Erano le 16 e 21 di ieri, quando il volo Air China con a bordo Ma Ying-jeou è atterrato a Shanghai. È la prima storica volta dal 1949 che un presidente o ex presidente taiwanese mette piede in Repubblica popolare cinese.
Domani, invece, l’attuale presidente taiwanese Tsai Ing-wen si imbarca per New York, primo di due scali negli Stati uniti nell’ambito di una visita in America centrale. Il doppio viaggio segna una congiuntura cruciale per gli equilibri sullo Stretto e testa l’immagine da “grande stabilizzatore” che Xi Jinping vuole dare a livello internazionale. Con sullo sfondo (ma neanche troppo) le decisive presidenziali taiwanesi del gennaio 2024.

«HO ASPETTATO PER 36 ANNI questa occasione di visitare la Cina continentale», ha detto Ma ai giornalisti all’aeroporto di Taoyuan. «Spero che la pace possa arrivare presto a Taiwan», ha aggiunto prima di salire a bordo. Al suo arrivo a Shanghai, un bouquet di fiori ma niente tappeto rosso. Ad accoglierlo tra gli altri Chen Yuanfeng, vicedirettore dell’Ufficio per gli affari di Taiwan del Consiglio di stato cinese, e Zhang Wei del partito di Shanghai. Un primo segnale che difficilmente il suo viaggio non assumerà una connotazione politica, nonostante venga presentato come personale e culturale.

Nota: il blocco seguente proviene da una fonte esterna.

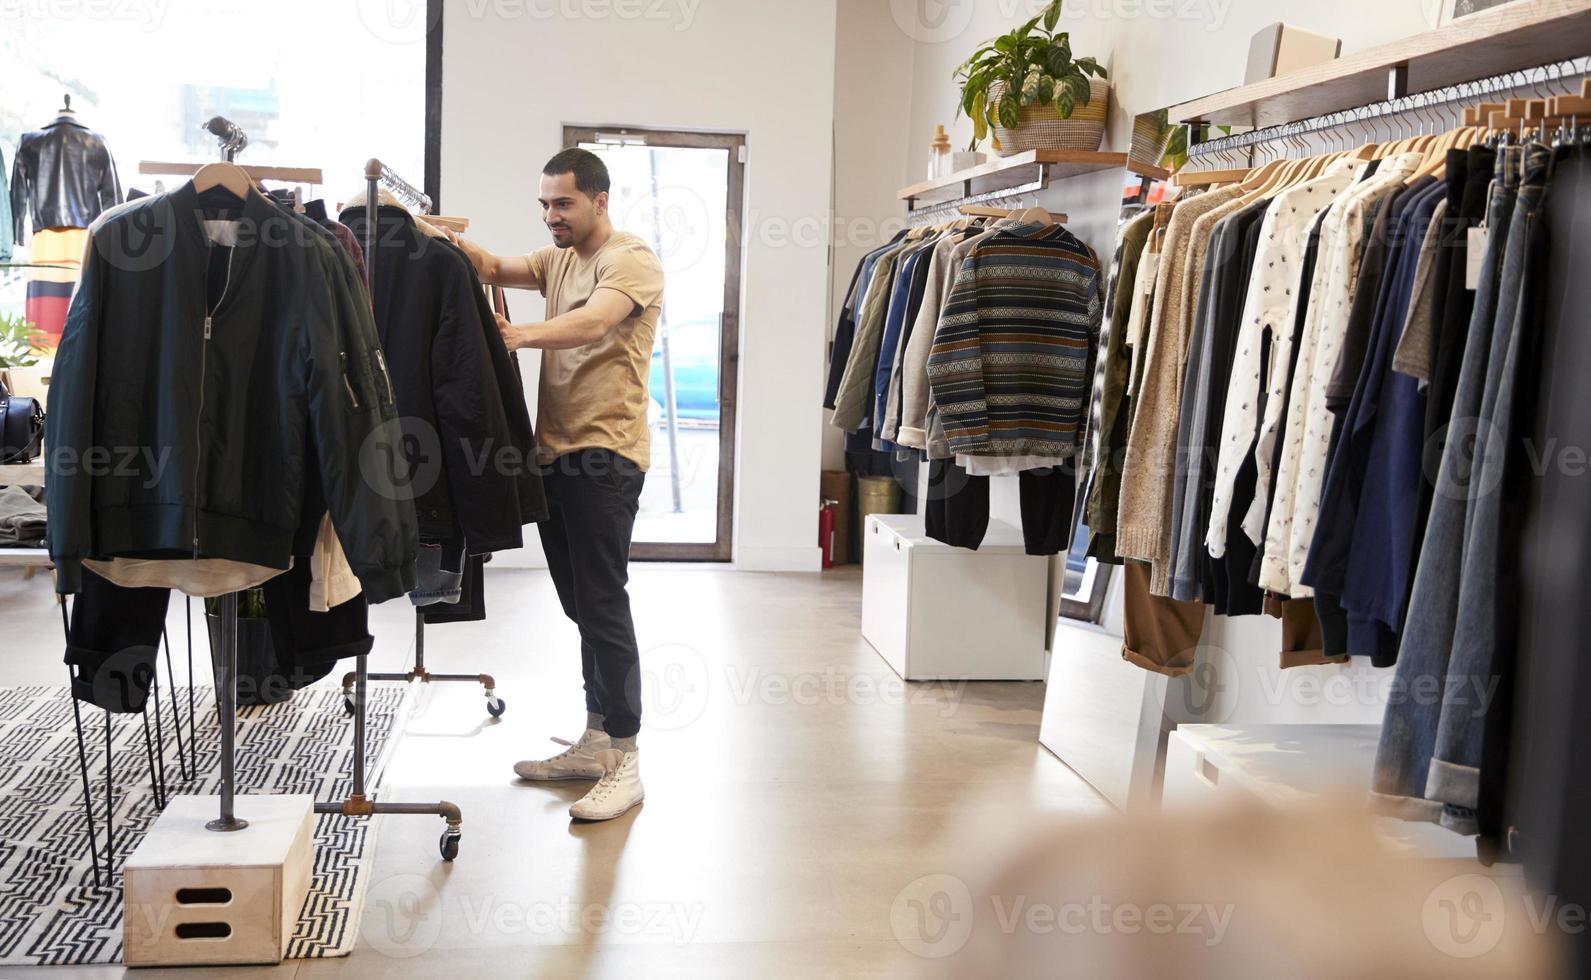 ung latinamerikansk man tittar på kläder i en klädbutik foto

Con l’ex presidente taiwanese, protagonista nel 2015 dello storico incontro con Xi a Singapore (unico di sempre tra i leader delle due sponde), ci sono una trentina di studenti e alcuni collaboratori. Parlerà con loro e con studenti cinesi in tre università. La delegazione visiterà siti legati alla II Guerra mondiale e al conflitto contro il Giappone, così come luoghi significativi della rivoluzione del 1911 che rovesciò l’imperatore Pu Yi portando alla proclamazione della Repubblica di Cina, ancora nome ufficiale di Taiwan. Ma renderà poi omaggio alle tombe dei suoi antenati, in un itinerario che si snoda in 5 città della Cina centrale. Oggi in programma la visita al mausoleo di Sun Yat-sen, padre del Guomindang, il partito nazionalista cinese, opposizione a Taipei. Quasi certo un colloquio con Song Tao, da poco direttore dell’Ufficio per gli affari di Taiwan. Soprattutto, non è escluso quello con Wang Huning, ideologo del “sogno cinese” e numero tre del Comitato permanente del Partito comunista dopo Xi e il premier Li Qiang.

L’INCONTRO POTREBBE AVVENIRE a Shanghai, dove Ma rientrerà il 5 aprile. Proprio lo stesso giorno, Tsai dovrebbe incontrare Kevin McCarthy in California, nel suo secondo scalo americano di ritorno da Guatemala e Belize (due dei 13 alleati diplomatici rimasti a Taipei dopo la “defezione” dell’Honduras). Wang ha in mano il dossier “teorico” della “riunificazione”. Un suo incontro con Ma consentirebbe a Pechino di provare a mettere in secondo piano quello tra Tsai e lo speaker repubblicano del Congresso Usa, mostrando sul fronte interno ipotetici passi avanti sulla questione Taiwan.

In ogni caso, il viaggio di Ma dovrebbe permettere a Xi di evitare una risposta aggressiva al doppio scalo di Tsai. Pechino sa che mostrando i muscoli prima delle elezioni taiwanesi aiuterebbe il Partito progressista democratico (Dpp), la nemesi che ha scelto come candidato il vicepresidente William Lai, figura molto più radicale della leader uscente Tsai. Nei prossimi giorni, inoltre, Xi riceverà tra gli altri Pedro Sanchez, Emmanuel Macron e Ursula von der Leyen.

RILANCIARE AMPIE MANOVRE militari sullo Stretto entrerebbe in conflitto con l’immagine da “garante di stabilità” che il leader cinese sta provando a proiettare sul palcoscenico globale. Sul fronte taiwanese si discute soprattutto del viaggio di Ma, mentre nel Gmd è in corso una battaglia sul candidato presidente. Il leader Eric Chu teme che Ma voglia “presentare” a Pechino il suo rivale, l’ex poliziotto Hou Yu-ih.
Intanto, si preparano ad andare negli Usa anche altri due possibili candidati: Ko Wen-je, ex sindaco di Taipei, e Terry Gou, patron del colosso Foxconn.